VICTORIA — Ending the temporary foreign worker program won’t solve “deep structural problems” with housing and other issues in British Columbia, while it would create “problematic consequences” for labour availability, an immigration expert says.
Irene Bloemraad, co-director of the centre for migration studies at the University of British Columbia, said calls to scrap or reform the worker’s program are an “easy way” to distract from a lack of affordable housing and other woes.
“If tomorrow, there was not a single additional temporary worker or temporary student who arrived in British Columbia, would housing prices magically go down and would we suddenly have fully staffed ERs?” she asked. “I think the answer would be no.”
Her remarks come after Premier David Eby and federal Opposition Leader Pierre Poilievre both suggested axing the program this week, linking it to youth unemployment and other problems.
“It’s an interesting alignment that we currently have two parties on what some people would say are opposite ends of the spectrum, saying a similar thing,” Bloemraad said.
The alignment “speaks to the fact that the Canadian public is worried” about this issue, she said.
“I would also say, however, that focusing on immigrants is an easy way, to be totally frank, to turn the attention away from deep structural problems such as a lack of affordable housing,” she said.
She added that building affordable housing takes time, and there would be “other problematic consequences” if temporary foreign workers or international students were to disappear tomorrow.
Eby acknowledged the need for temporary foreign workers in agriculture, but Bloemraad said B.C. also needs them in housing construction.
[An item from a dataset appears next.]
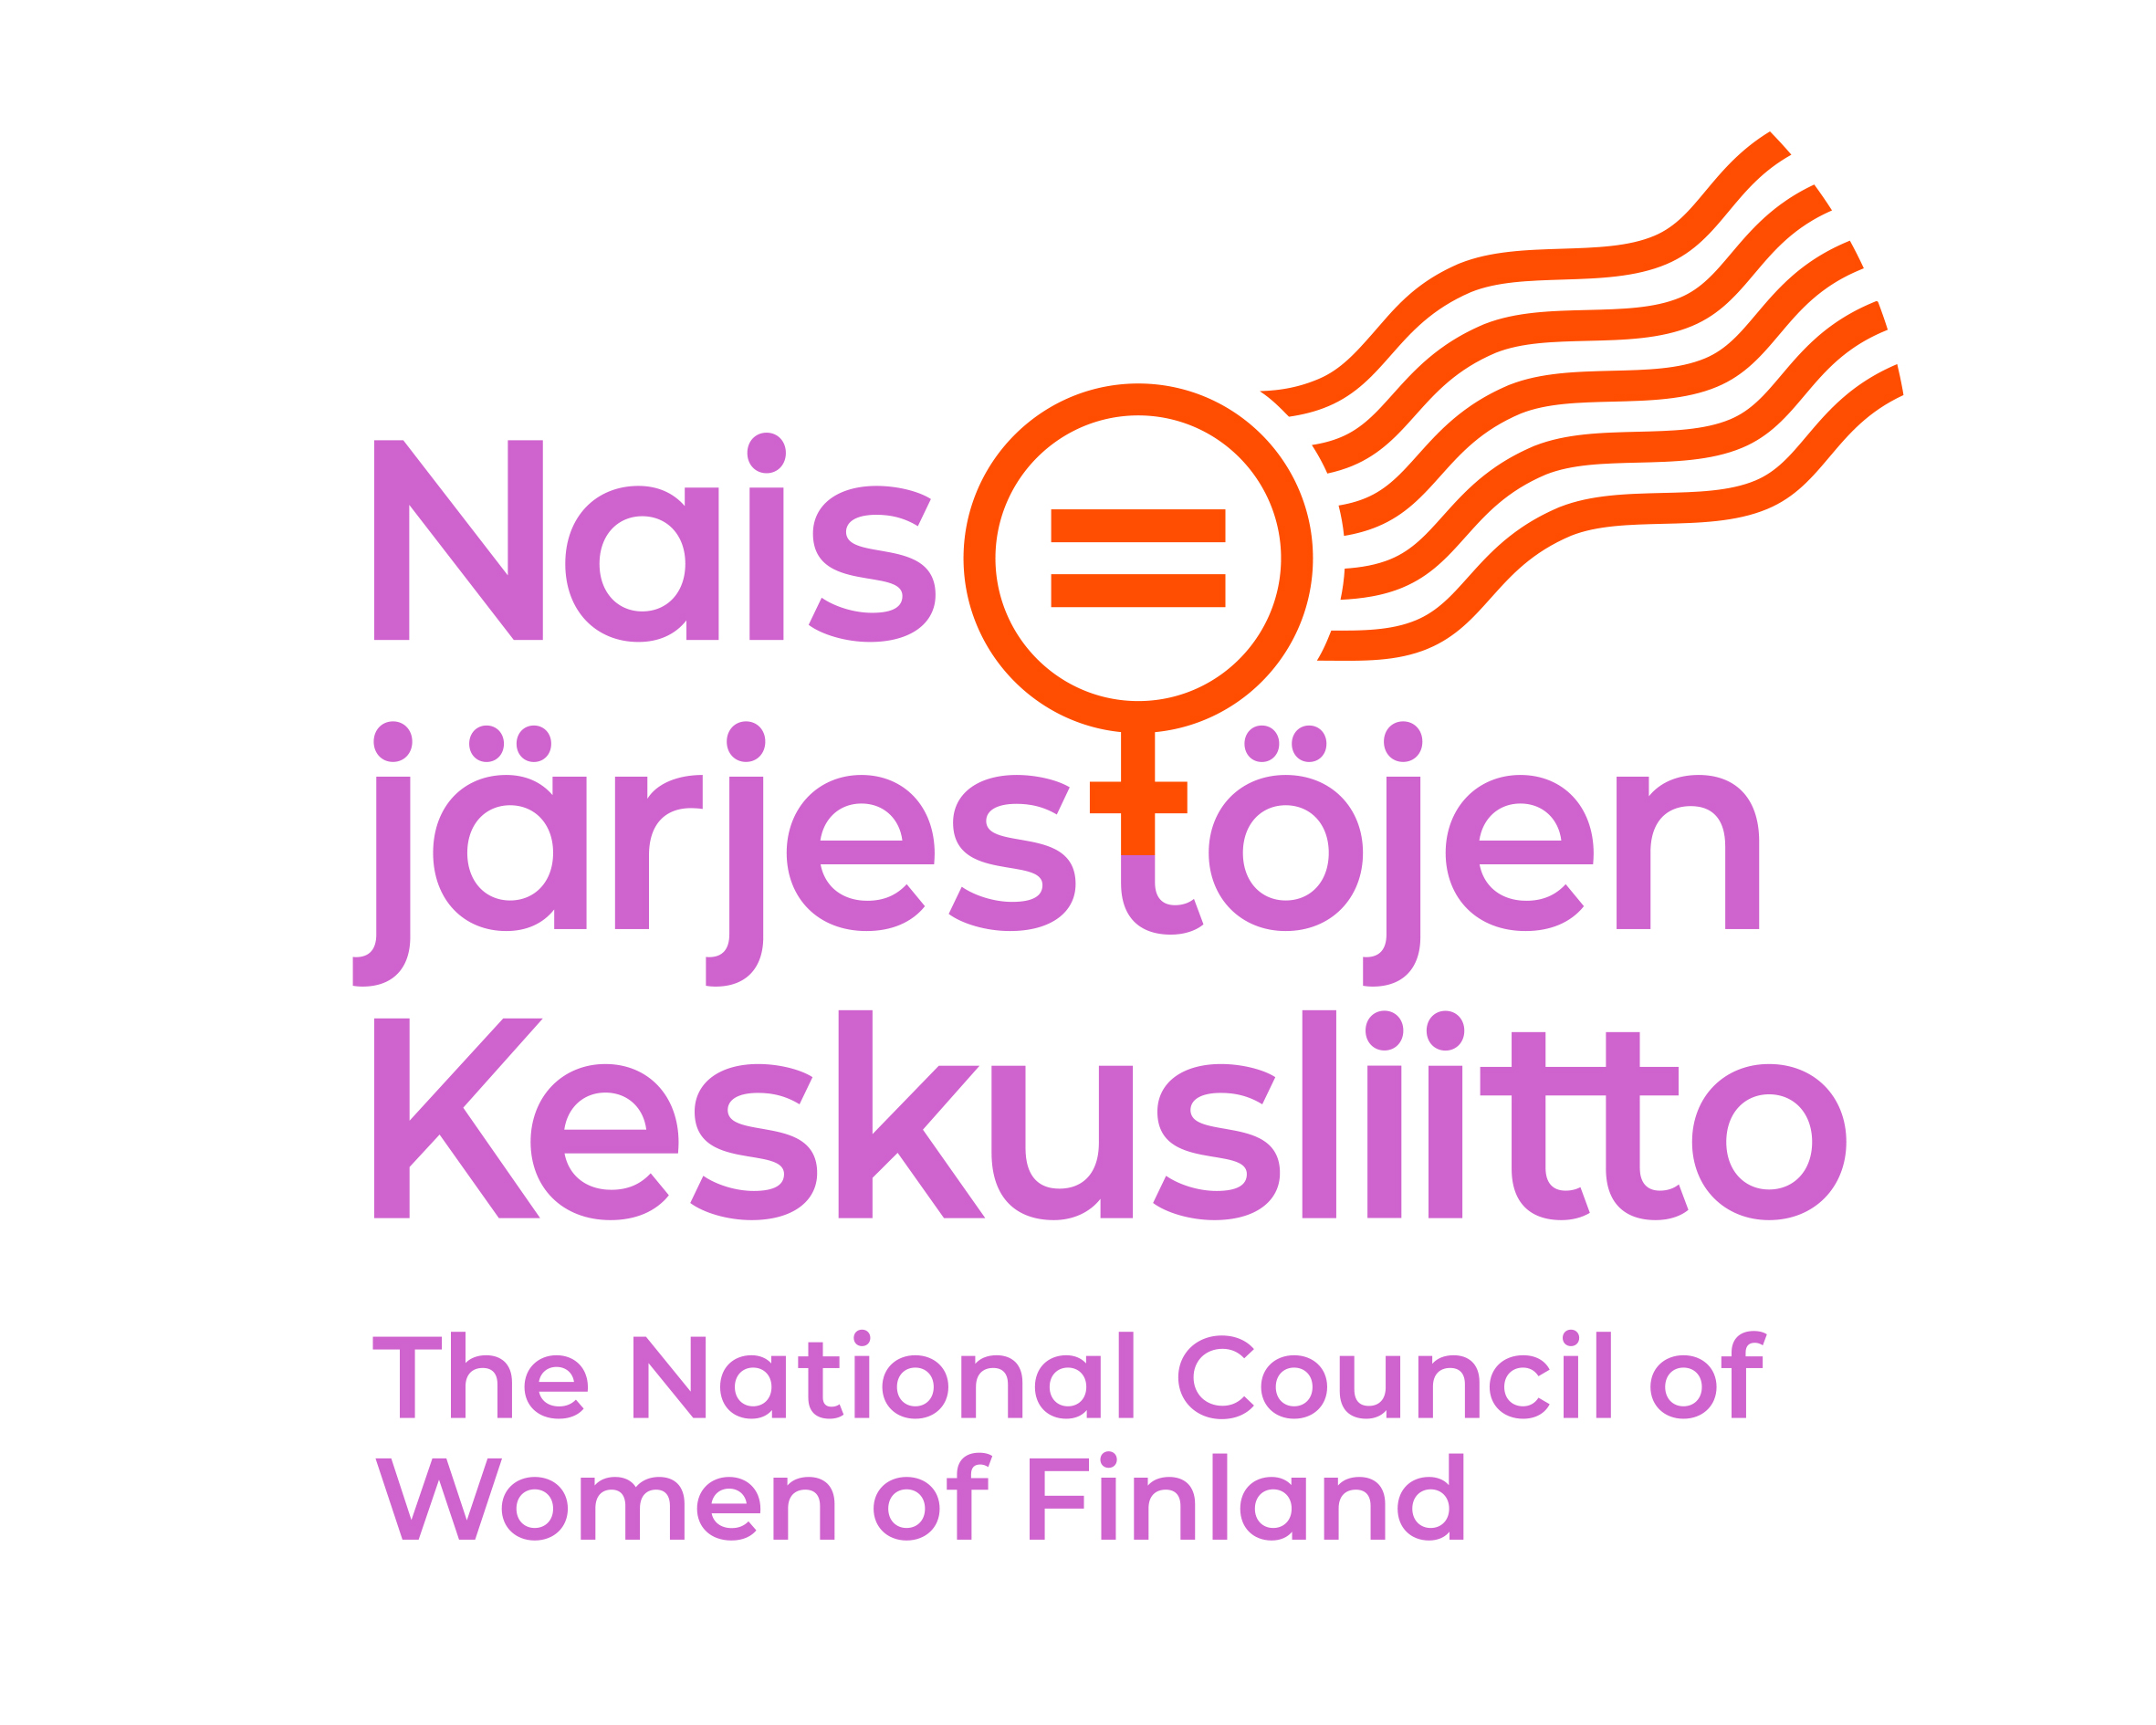 Naisjärjestöjen Keskusliitto logo

Bloemraad said any changes to the program must consider “trade-offs,” and she was “taken aback” by Eby’s “very categorical” remarks connecting immigration to both unemployment and housing problems.
“There didn’t seem to be a lot of nuance,” Bloemraad said. “Basically accusing immigrants of driving youth employment, driving housing problems, and basically almost snatching food from the mouths of Canadians seemed a little bit extreme,” she said.
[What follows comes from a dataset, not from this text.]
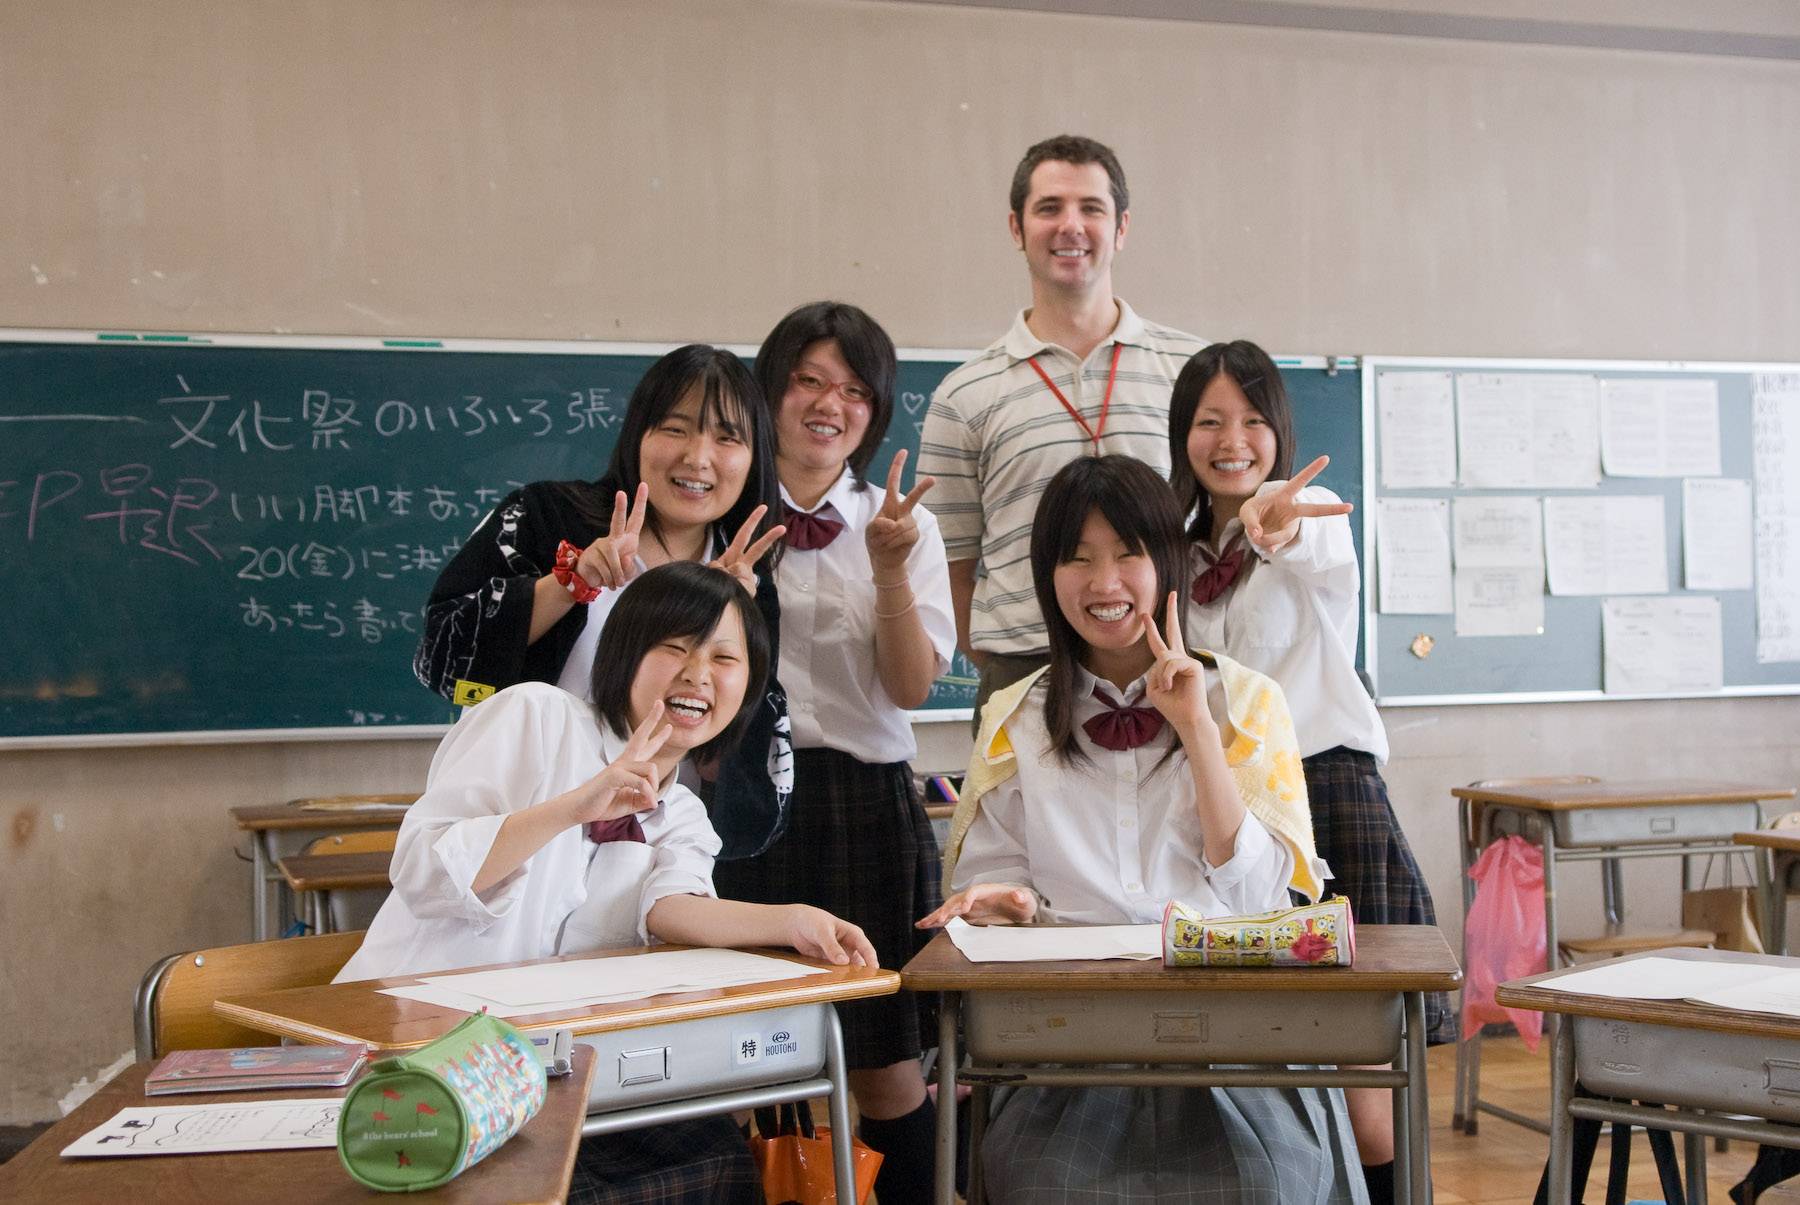 Система образования в японии: особенности среднего и высшего образования

Eby said Thursday that the temporary foreign worker program should “be cancelled or significantly reformed” because the province can’t have an immigration system that has been linked to high youth unemployment, while putting pressure on housing and schools.
“We can’t have an immigration system that fills up our homeless shelters and our food banks,” Eby said Thursday at an unrelated news event in Surrey. “We can’t have an immigration system that outpaces our ability to build schools and housing, and we can’t have an immigration program that results in high youth unemployment.”
On Friday, Eby expanded his comments, saying on social media that B.C. needs to keep the diversity that has seen the province welcome people from around the world.
He said people coming to Canada “must be supported — not exploited by unscrupulous employers or pushed to the edges of society or into poverty.”
He said the current system is not working well for anyone.
“Our system right now is a race to the bottom that hurts our young people, rewards bad actors, and pits people against each other,” he said. “We can do better.”
A statement from Filipino BC neither mentioned Eby nor Poilievre by name, but described “recent comments calling for the elimination or overhaul” of the program as “misguided” and “harmful,” putting “already vulnerable communities in even greater danger.”
It said youth unemployment won’t “be solved by targeting migrant workers in unrelated sectors,” but granting young Canadians access to “emerging industries and meaningful opportunities” in the economy of the future.
Kristina Corpin-Moser, the group’s executive director, said the solution for youth unemployment is to invest in “growth, innovation, and job creation — not to cut from sectors that depend on foreign workers, which will only make existing problems worse.”
It also warns against oversimplifications and stoking resentments.
“When politicians frame migrant workers as the problem, they fuel racism, xenophobia, and scapegoating,” Corpin-Moser said. “Where safe and legal pathways are cut off, unsafe and illegal ones take their place, leaving workers at even greater risk. Politicians have a public obligation to ensure their words do not endanger racialized individuals.”
One BC Leader Dallas Brodie meanwhile, called for the “immediate suspension” of immigration into Canada, “with narrow exceptions for critical shortages like health care.”